Enhancing WiFi CSI Activity Recognition Using a Diffusion Approach with the TCN-T Model
摘要
CSI-based activity recognition has emerged as a promising field in IoT, enabling precise localization, behavior analysis, and health monitoring. However, collecting comprehensive datasets that cover a wide range of environmental conditions and specific actions-such asfalls—presents notable challenges. This is particularly true when dealing with rare or complex events, where diverse and extensive datasets are essential. Traditional generative models, such as GANs and VAEs, often struggle to generate high-quality, diverse, and realistic data. To overcome these challenges, this study introduces the use of diffusion generative models as a novel approach for synthesizing raw CSI data.

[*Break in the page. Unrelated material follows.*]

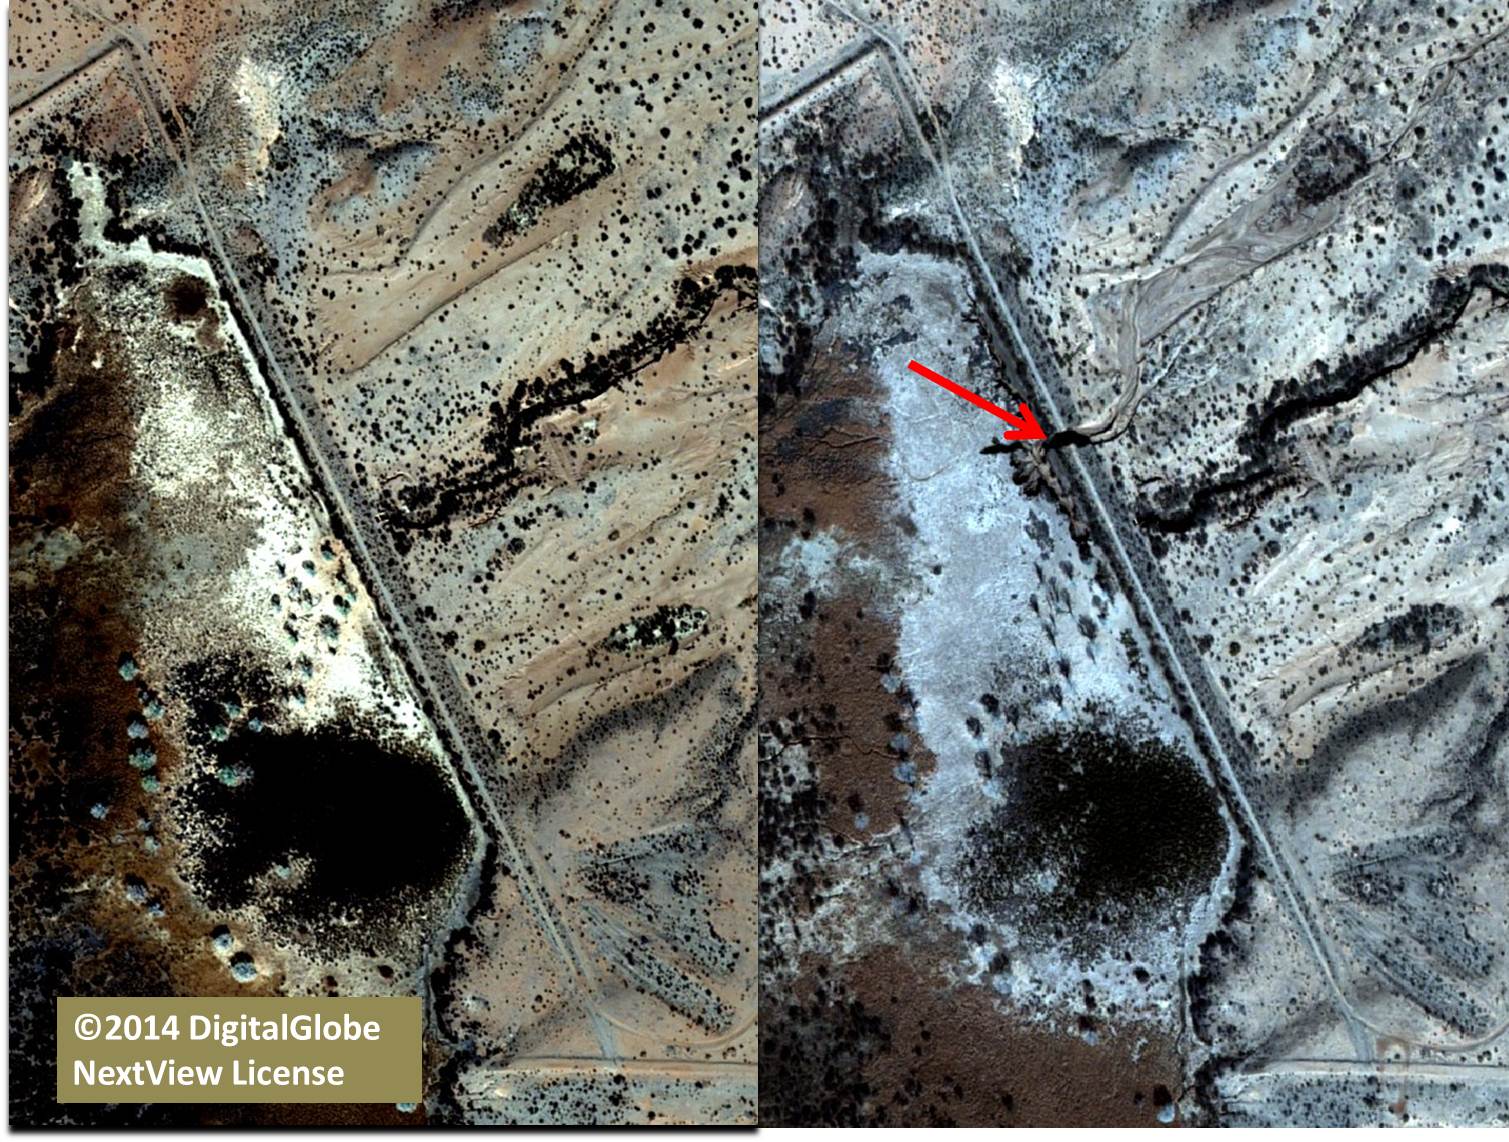 WorldView-2 high-resolution multispectral imagery collected before (left) and after (right) the HX Dam failure. The red arrow identifies the dam breach. North is oriented toward the top of the image.

This method generates synthetic samples with corresponding labels, aiding the training of robust classifiers. Diffusion models, offer a more effective solu tion by progressively denoising random noise into realistic samples. Our experimental results confirm that this approach significantly improves classifier accuracy, even with limited real-world data, thereby reducing the time and resources typically required for traditional data collection. Specifically, our findings support the hypothesis that diffusion-generated data can greatly enhance model performance in scenarios with scarce real world data. The proposed TCN-T model, an enhanced version of the Temporal Convolutional Network (TCN), demonstrated a marked improvement in accuracy—from 91.97% to 94.74%. Similarly, other baseline models also showed notable improvements: CNN1D increased from 83.74% to 89.7%, CNN2D from 81.96% to 88.71%, and CNNLSTM from 82.39% to 90.18%. Furthermore, when working with sufficient original data, the TCN-T model achieved an accuracy increase from 94.74% to 96.59%.